It's not about Goldilocks

“Baby Bear’s revenge.” Illustration by Bonnie Obremski

“Baby Bear’s revenge.” Illustration by Bonnie Obremski

Yesterday, I told the story of Goldilocks and the Three Bears 20 times—to adults. Each time I told the story, I sat facing a single person. Their knees almost touched mine, their eyes locked with my own.

My first telling sounded like: There was a house, and a girl in the woods, did I mention the bears? There were three of them. There were bowls of porridge: Large, medium and small. I think there were chairs. Maybe she broke one. She went to sleep. The bears came home. She ran away.

“Becky” and the three bears

We had four minutes to get the story out. After that, we listened to our partners tell stories. Some picked Goldilocks, others told Three Billy Goats Gruff, or folktales I had never heard. After each exchange, we switched partners and continued. The point was to practice getting “from A to Z,” our teacher, Master Storyteller Donna Washington, told us.

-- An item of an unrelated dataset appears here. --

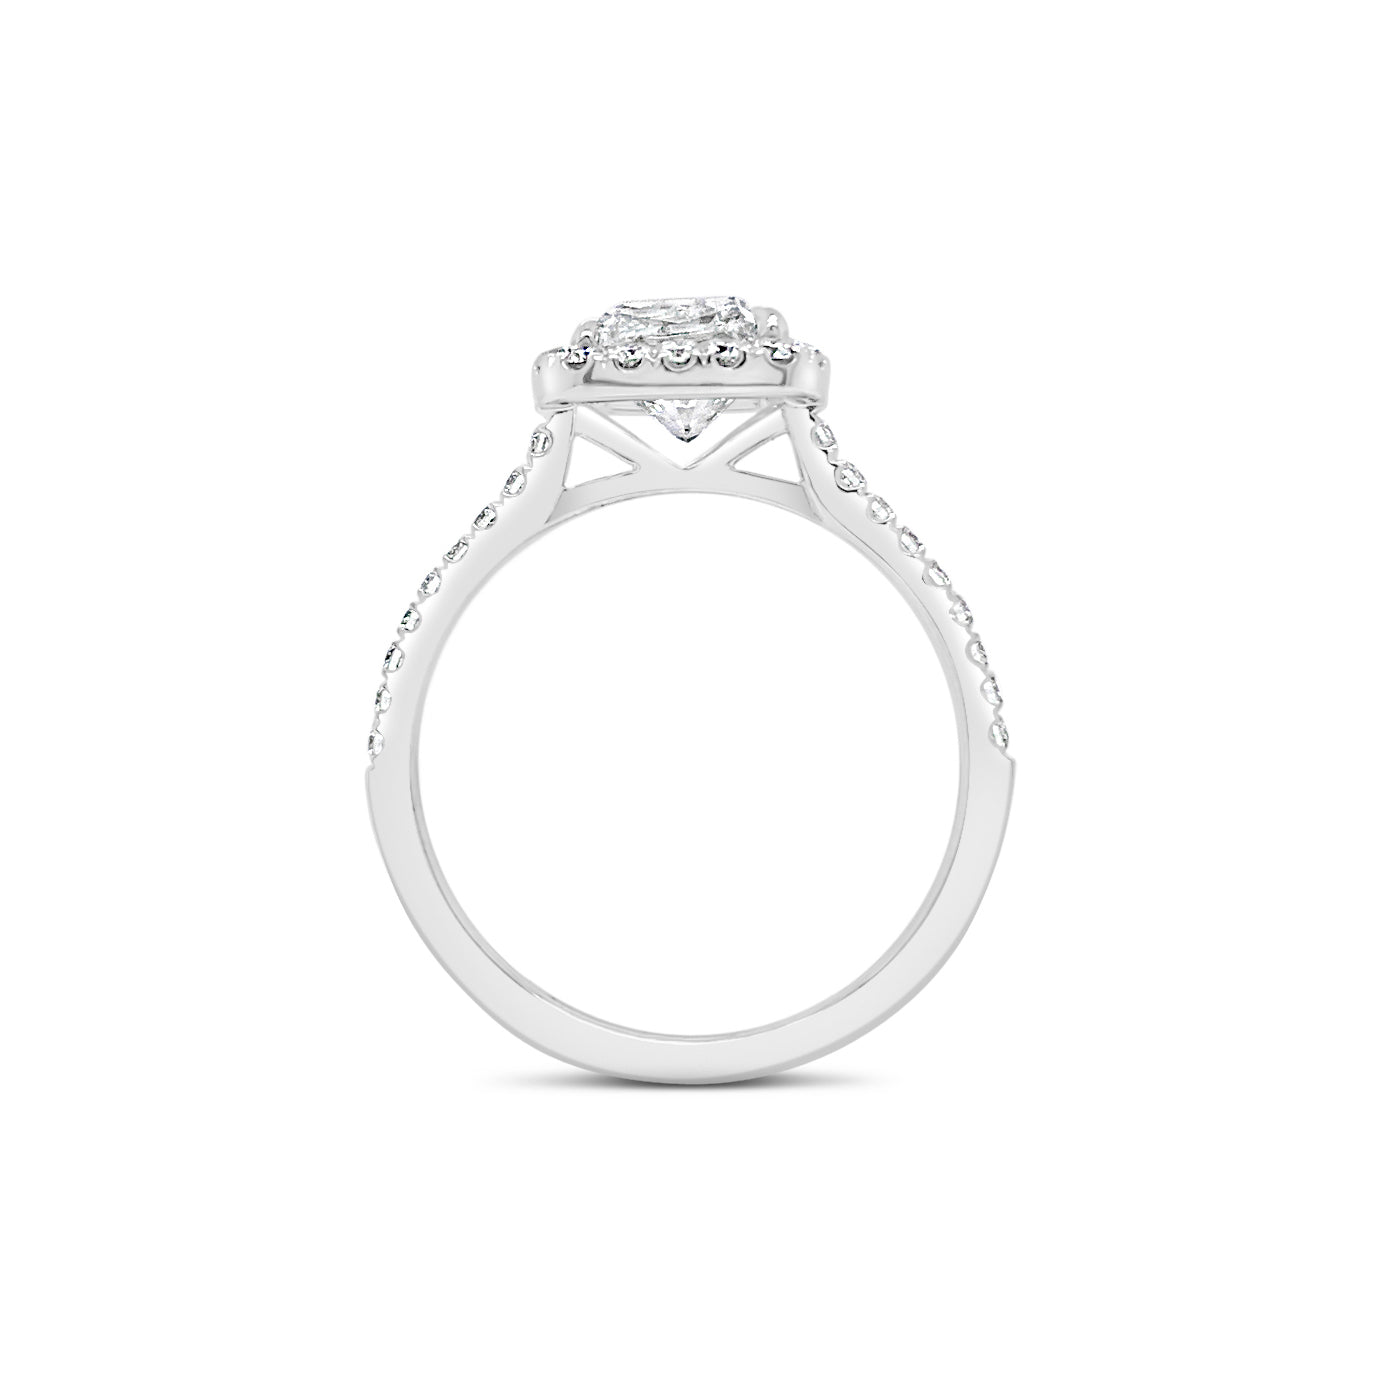 Cushion Halo Diamond Engagement Ring  -18K weighting 2.62 GR  - 36 round diamonds totaling .33 carats
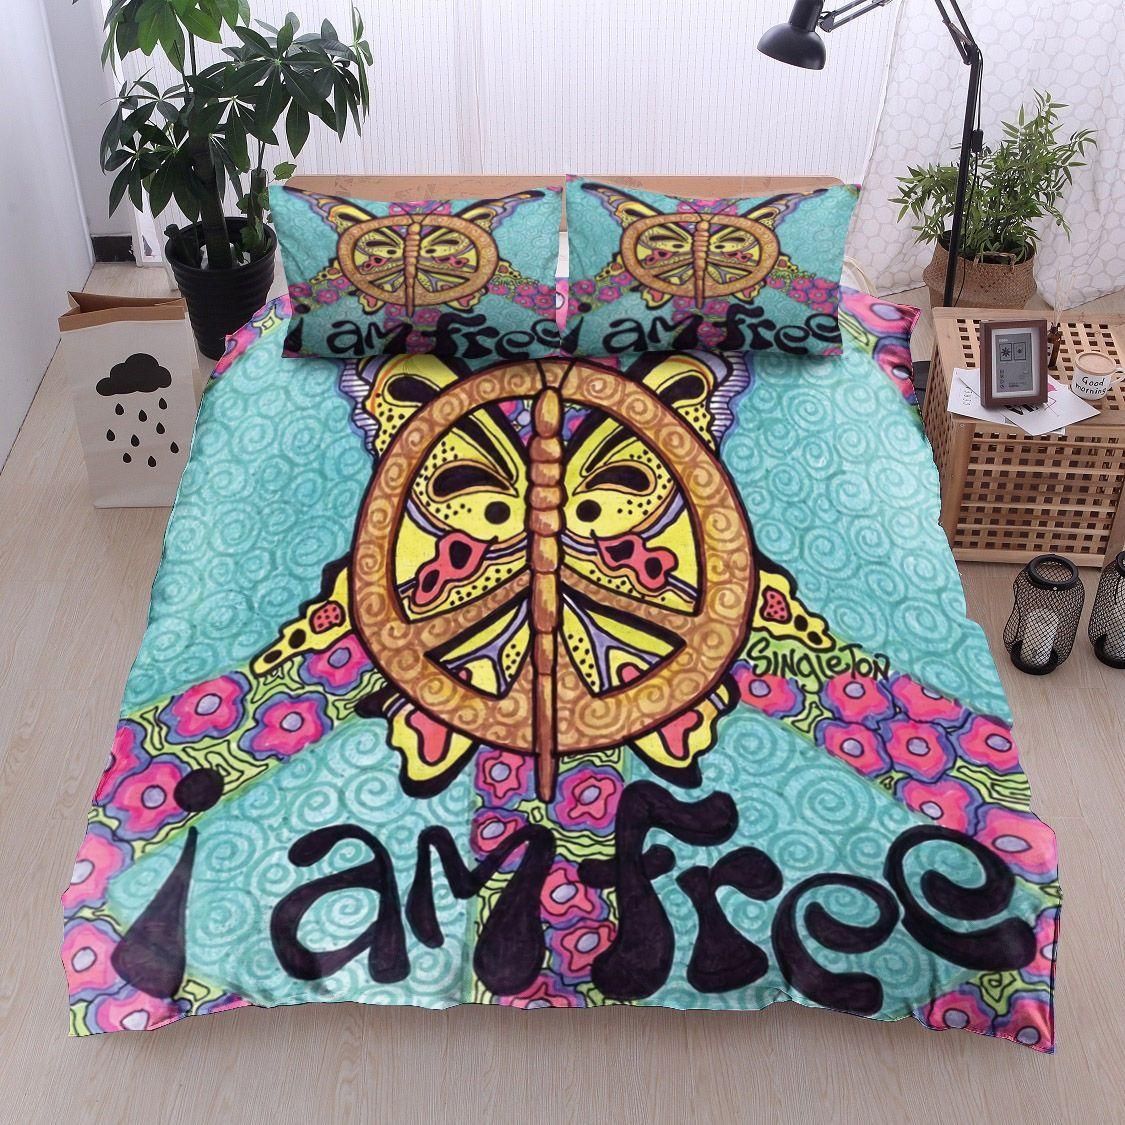 Butterfly "I Am Free" Hippie Duvet Cover Bedding Set

I did not want to pick Goldilocks. It’s never been a favorite tale. To make matters worse, the story had been a part of an exercise during the Storytelling Strategies to Dismantle Racism training I attended in Seattle back in June. During that exercise, we considered the story from the bears’ perspective. As we did that, the character of Goldilocks morphed into a “Becky” who was arrested after breaking and entering. But yesterday, Donna gave us three minutes to think of a folktale (not a personal story, those are harder to play with, she said). We had to know it from beginning to end. Goldilocks was all I had.

Control freak

Round and around we went. I soon felt like the worst storyteller in the room. (And I just quit my job to go all-in with my online storytelling platform). But here’s the thing, oral storytelling is not writing. Oral storytelling is not reading words from a page. Oral storytelling is telling stories, out loud, over and over again. The story is different each time you tell it.

Here’s the part where you can imagine my perfectionist self suddenly exploding and dripping down the walls. I was almost in physical pain making an audience, even if it was an audience of one, listen to me speak when I did not have hours to prepare. Throw in the fact I had to tell an adult a repetitive, predictable children’s tale they’d heard dozens of times and spit it out almost as fast as I could...well, slowly I realized I had somehow grown into someone who was terrified to play with a new friend. My fear of boring them was making me more boring.

Playtime

Donna taught us how gestures and sounds can make any story come alive with detail without making the story longer. By the end of the day, I was twirling imaginary golden locks of hair around my finger, hand on a jutted hip, bending deeply over imaginary bowls of porridge, taking long sweeping whiffs of imaginary steam.

As a writer, my practice has been to build stories only using words, to use very carefully chosen words in precise order. That did not help me as an oral storyteller. But letting the words come out of my mouth, sinking into the depths of my imagination, allowing play (and not calling it “making mistakes”) will definitely help me be a better writer.

I realized I had somehow grown into someone who was terrified to play with a new friend.